Description of the task:
In the records that follow, find the line containing "Champagner in Gläser" and the line containing "James Longstreet (1821", then transcribe both and every line between them exactly, omitting pictures.

Records supplied:
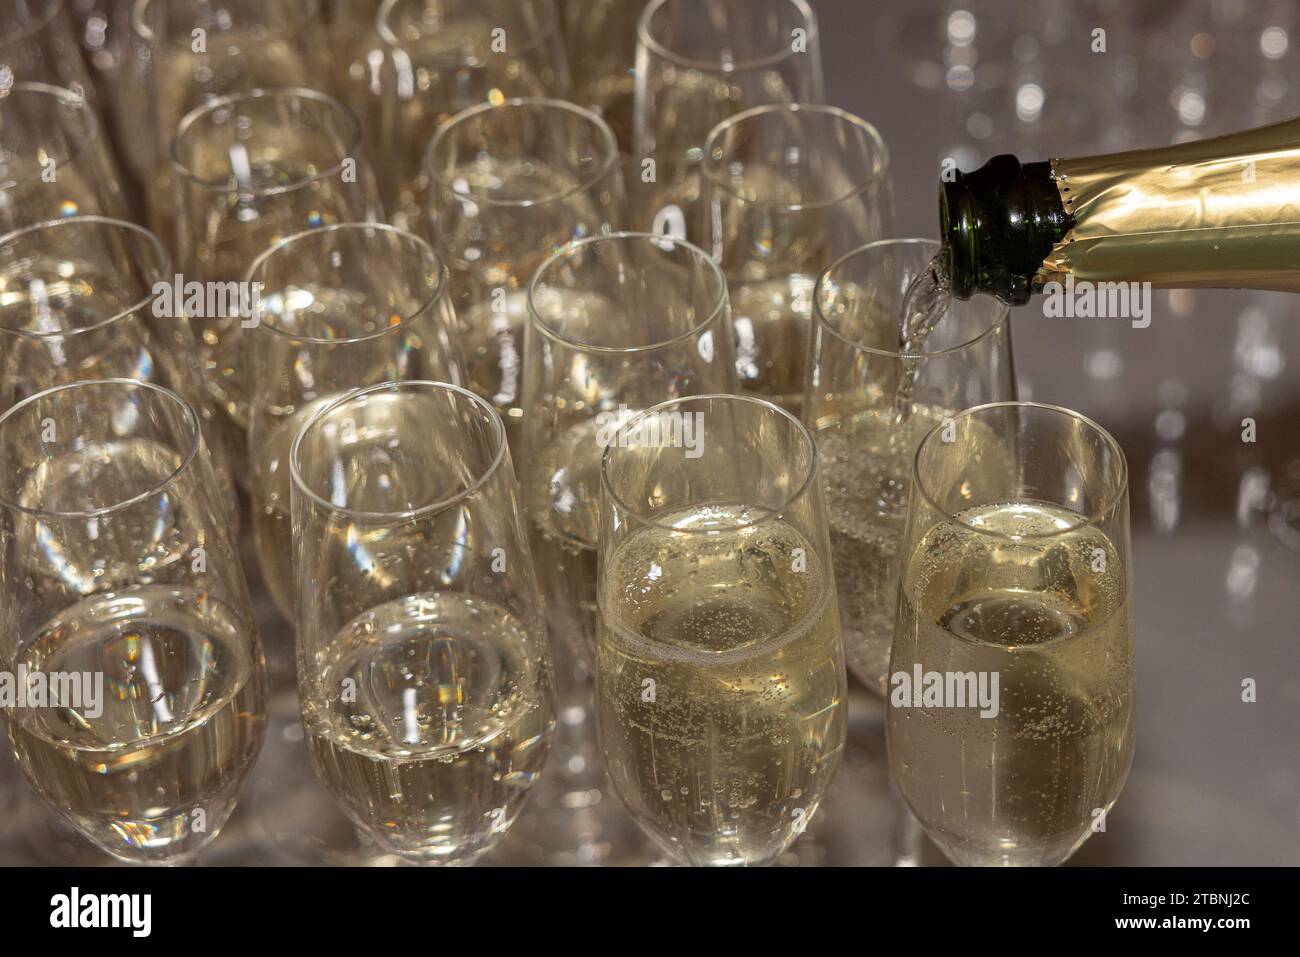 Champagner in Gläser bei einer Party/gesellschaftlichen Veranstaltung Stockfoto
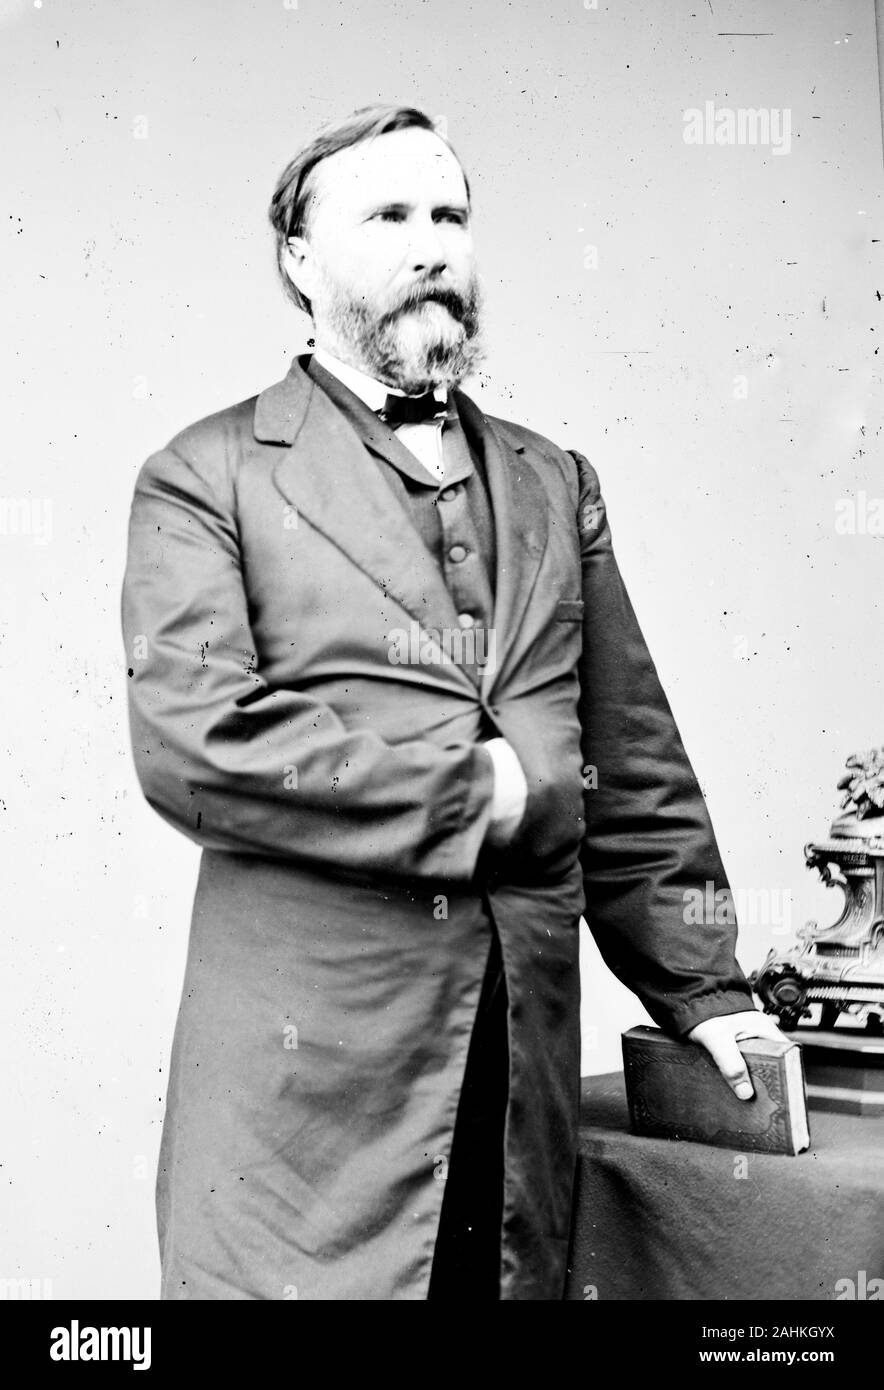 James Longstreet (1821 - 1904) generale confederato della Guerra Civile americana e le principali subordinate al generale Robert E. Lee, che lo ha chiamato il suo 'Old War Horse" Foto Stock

---

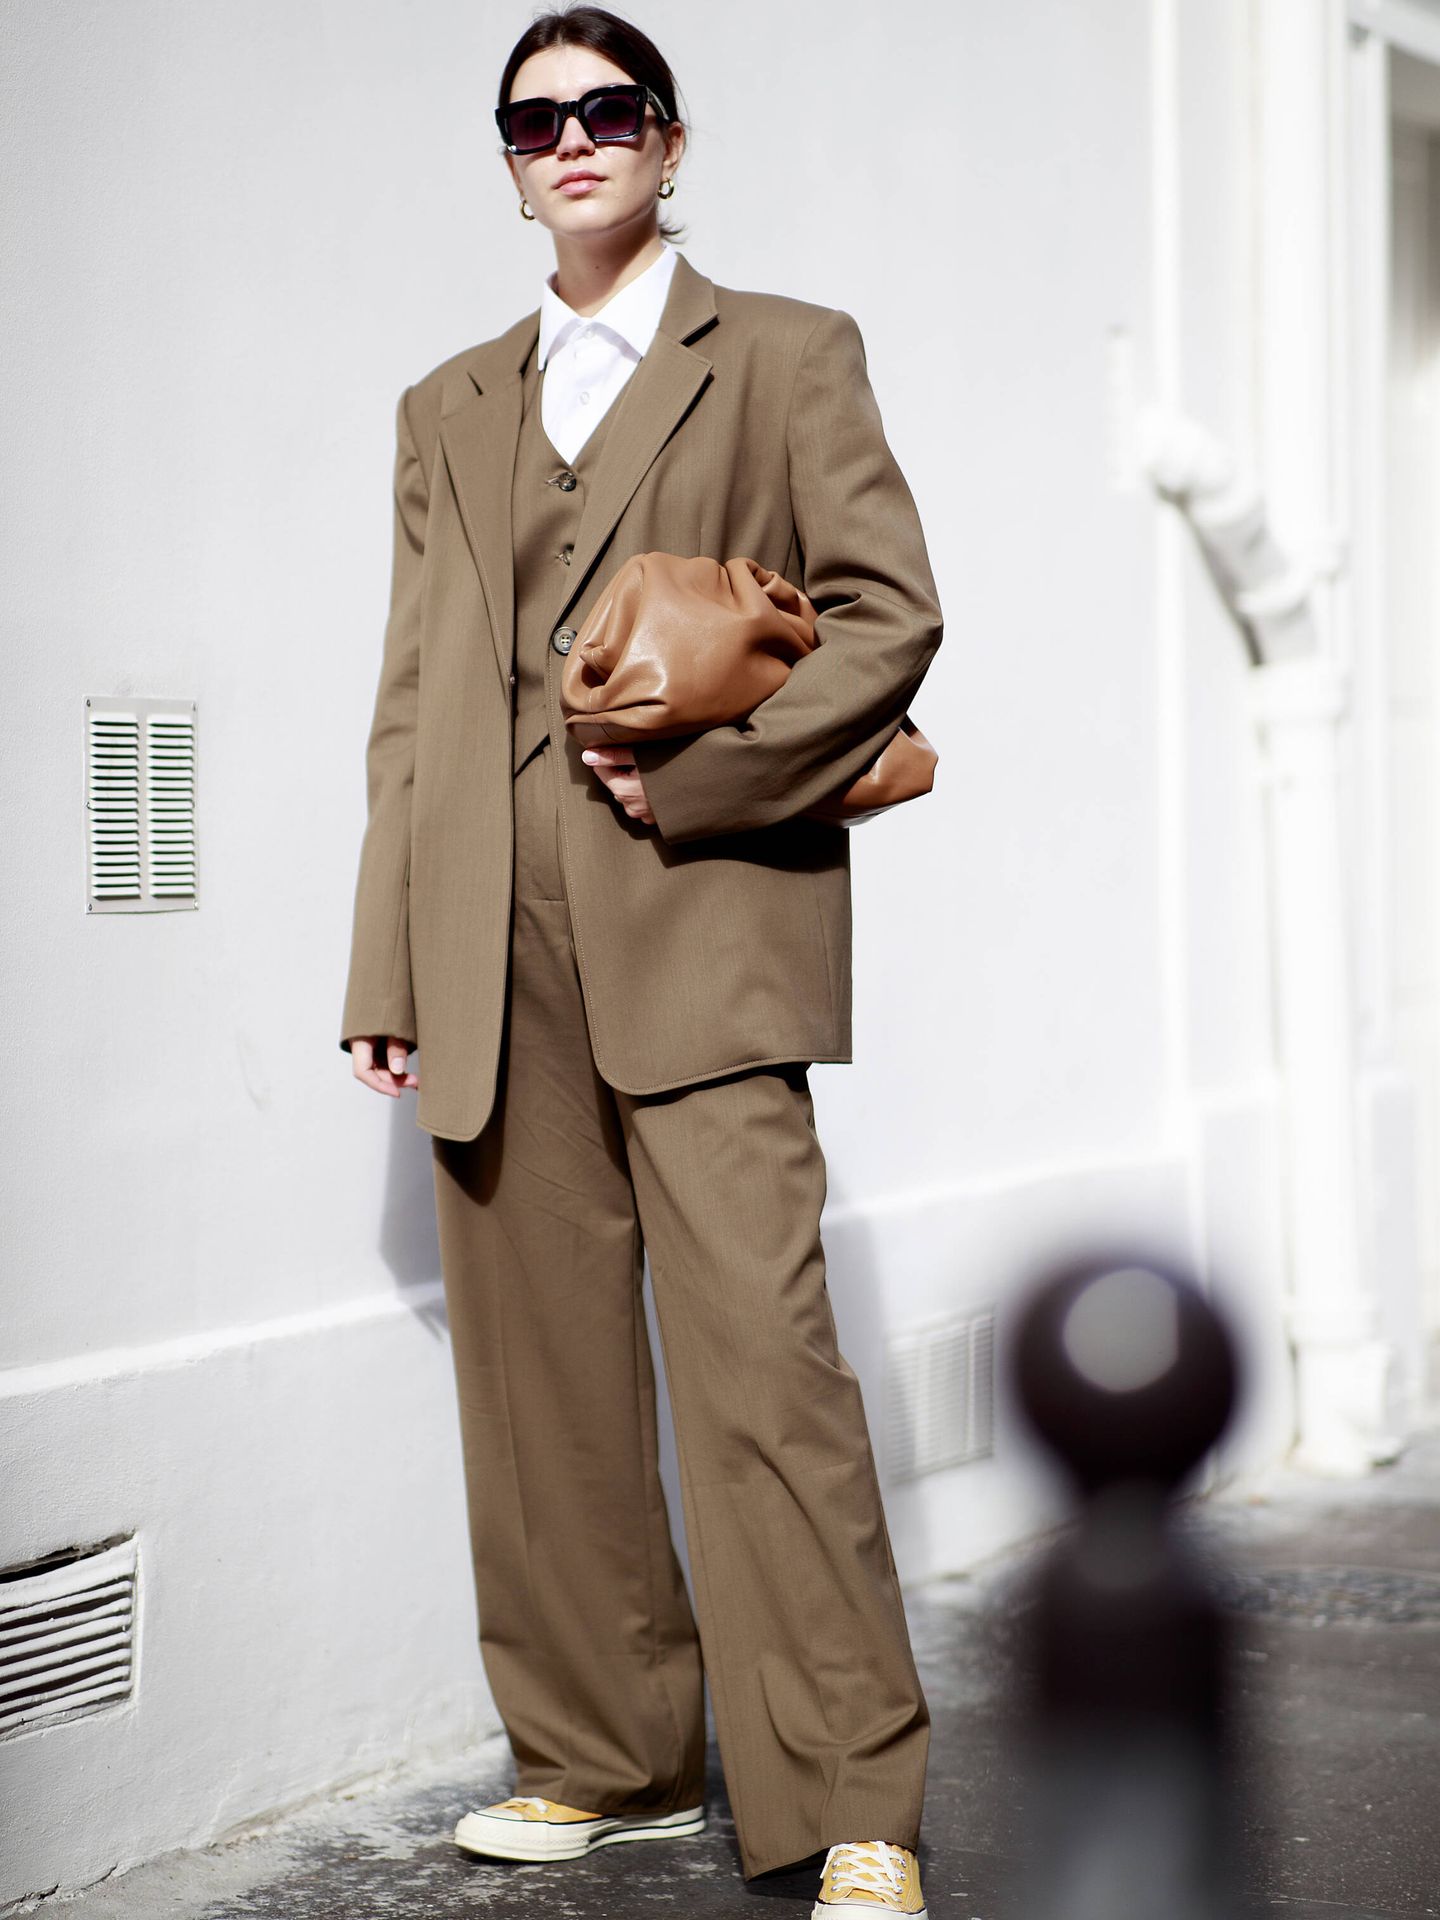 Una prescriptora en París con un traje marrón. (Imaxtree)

...

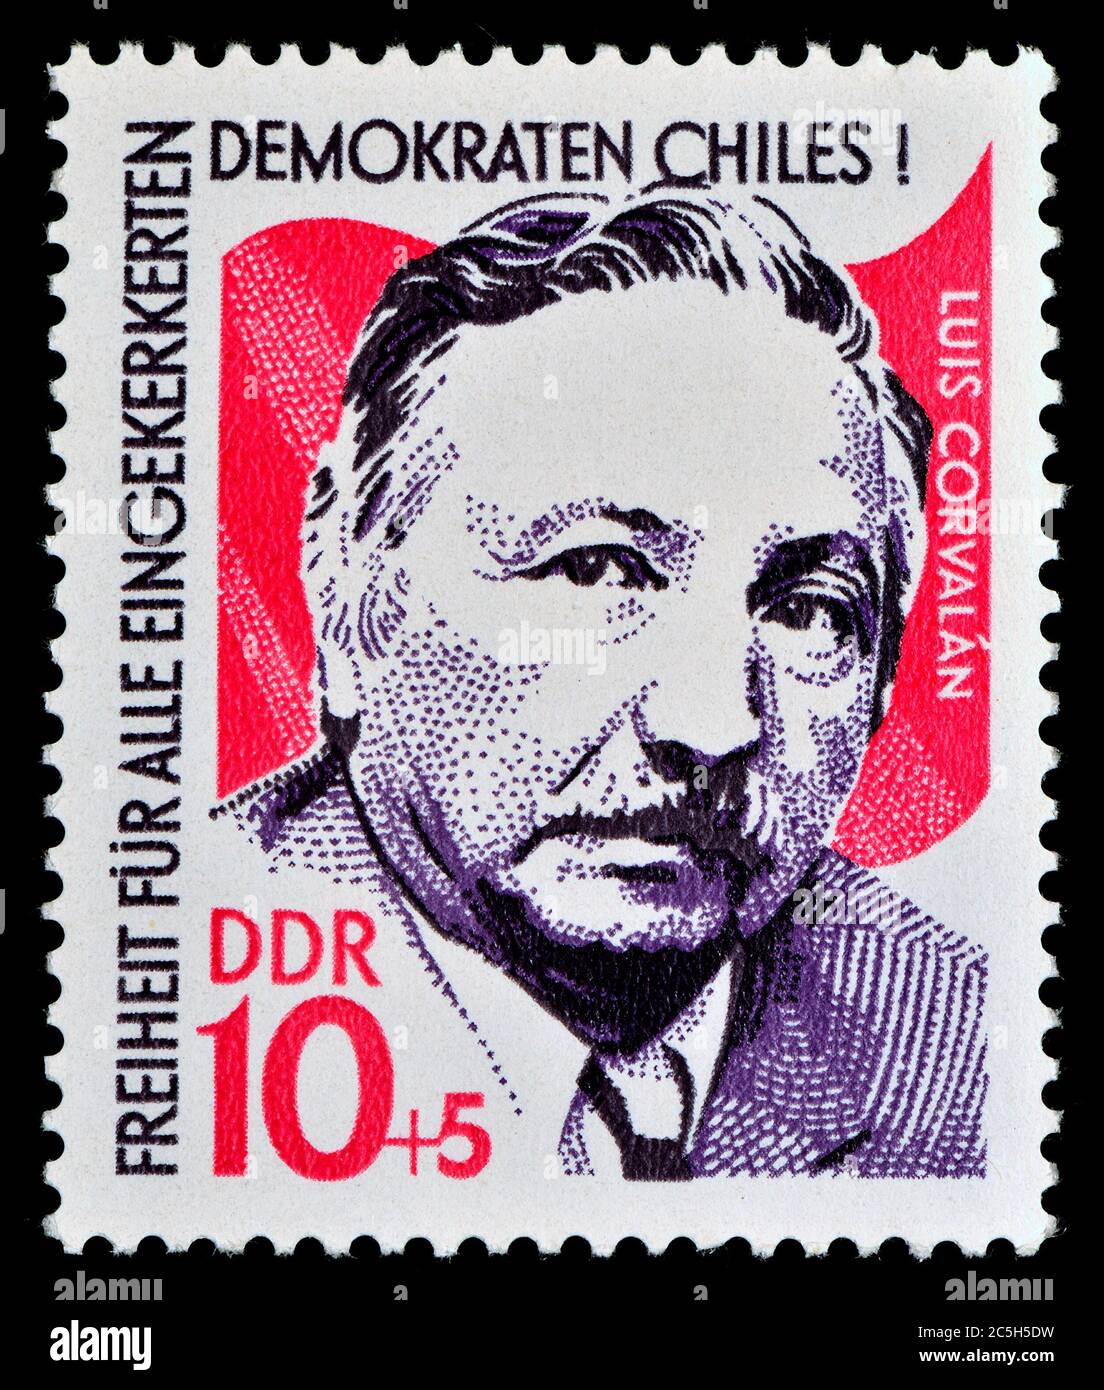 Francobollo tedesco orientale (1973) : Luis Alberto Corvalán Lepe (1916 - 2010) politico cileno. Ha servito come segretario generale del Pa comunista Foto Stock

Finished task:
 Champagner in Gläser bei einer Party/gesellschaftlichen Veranstaltung Stockfoto
 James Longstreet (1821 - 1904) generale confederato della Guerra Civile americana e le principali subordinate al generale Robert E. Lee, che lo ha chiamato il suo 'Old War Horse" Foto Stock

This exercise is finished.